Ces rumeurs sont en général :
« PGP contient une "backdoor" »
« Les gouvernements peuvent casser PGP »
« Le code-source de PGP n'a jamais été vraiment
scruté »
« GnuPG est plus sûr que PGP ».
Quelques
sources de rumeurs en France
La presse
- Le bulletin "Sécurité
Informatique" n° 24 du CNRS
consacré à la cryptologie (avril 1999)
La rédaction de ce numéro spécial a été
confiée de manière surprenante, non pas à des
universitaires
du CNRS, mais à des spécialistes du SCSSI gouvernemental.

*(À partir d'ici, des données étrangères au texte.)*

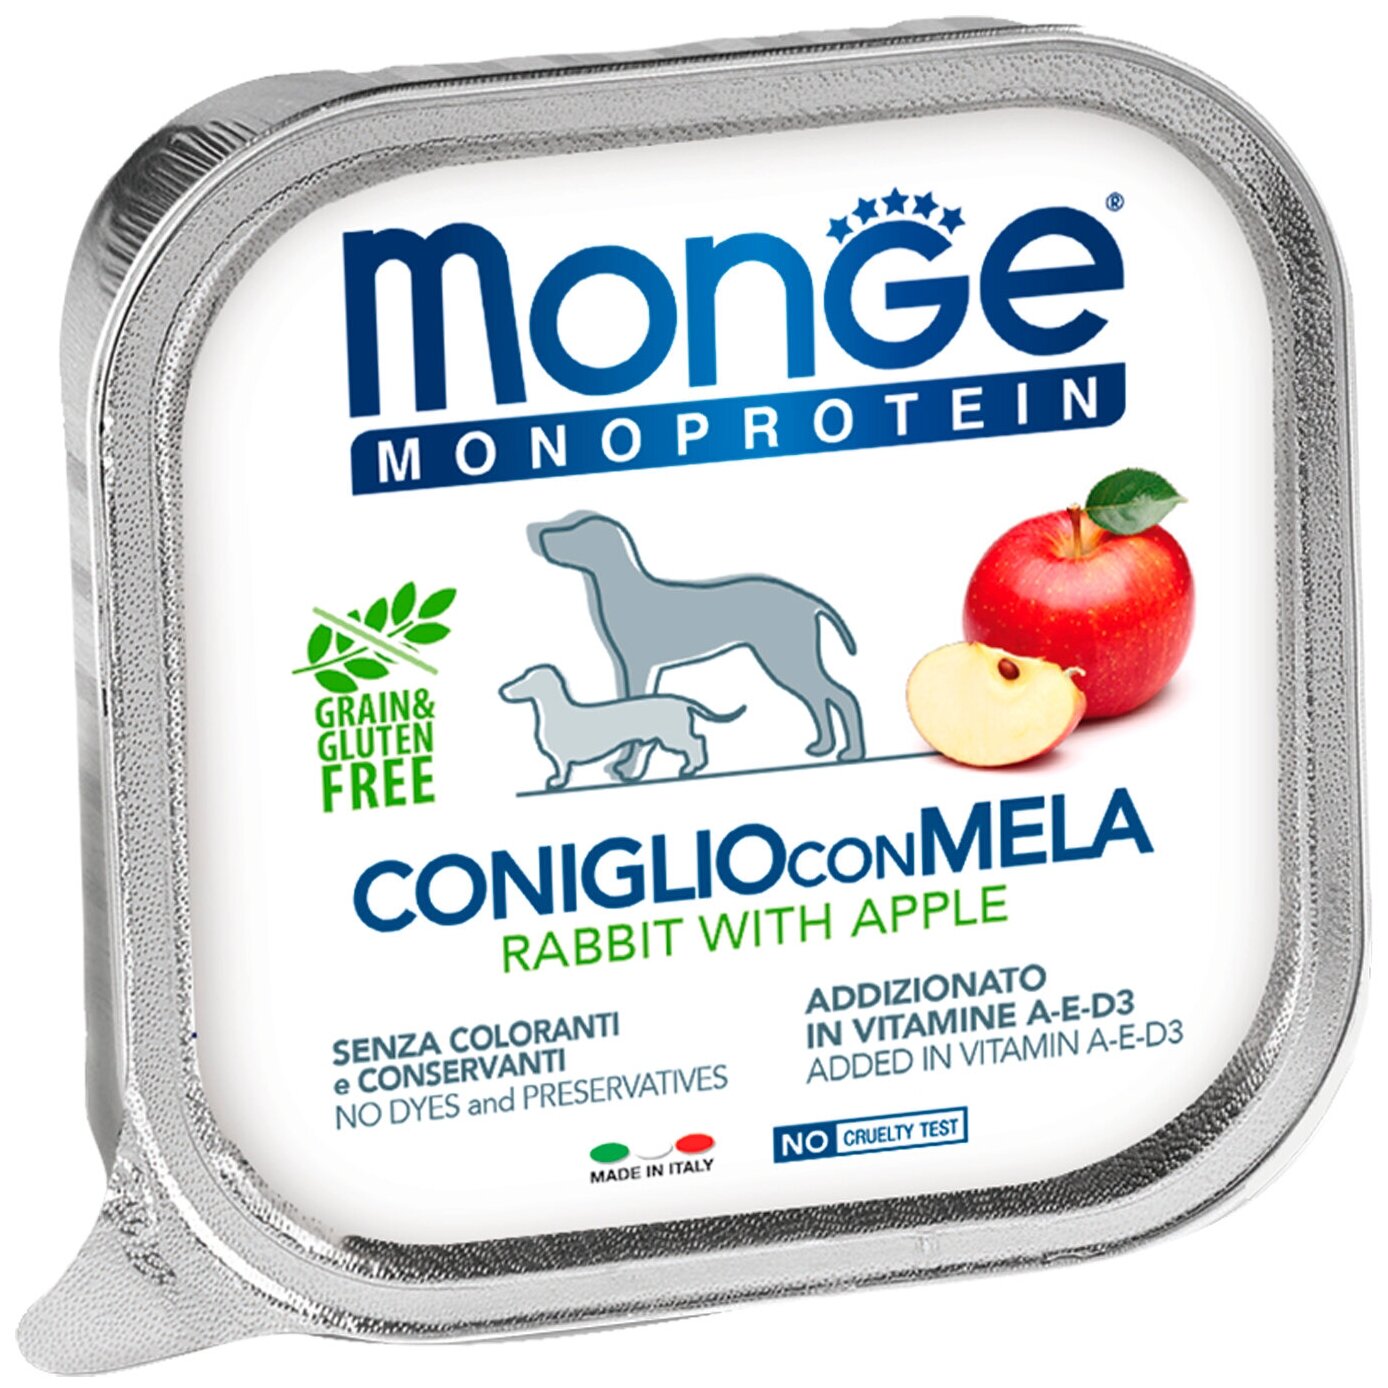 Влажный корм Monge Dog Natural Monoprotein Fruits для собак, паштет, кролик/яблоко, 150 г

Pourtant, jusqu'aux décrets du 17 mars 1999, ce dernier organisme
était implicitement chargé de s'assurer que le chiffrement
disponible en France contenait une porte d'accès pour le gouvernement,
et son directeur Jean-Louis Desvignes avait exprimé publiquement
son hostilité à la libre diffusion de PGP.
Dans ce bulletin "Sécurité
Informatique" n° 24 "De l'usage de la cryptologie", le chef de
la Division Chiffre du SCSSI cite trois "cas typiques" de programmes
"ne
méritant pas forcément la confiance que semble créer
leur notoriété". Il s'agit de Lotus Notes (backdoor
avérée),
SSH (faille de sécurité trouvée dans le code-source)
et... PGP. Associer sans preuve PGP à Lotus Notes et au cas particulier
de SSH est pour le moins discutable.
Parlant de PGP, l'auteur met indirectement en cause les versions
internationales
"i" de Stale Schumacher disponibles sur www.pgpi.org (pourtant les
plus sûres), considère que l'examen poussé du code
est peut-être impossible (il s'agit pourtant d'un code cryptographique
classique écrit en langage C), émet sur les "web of trust"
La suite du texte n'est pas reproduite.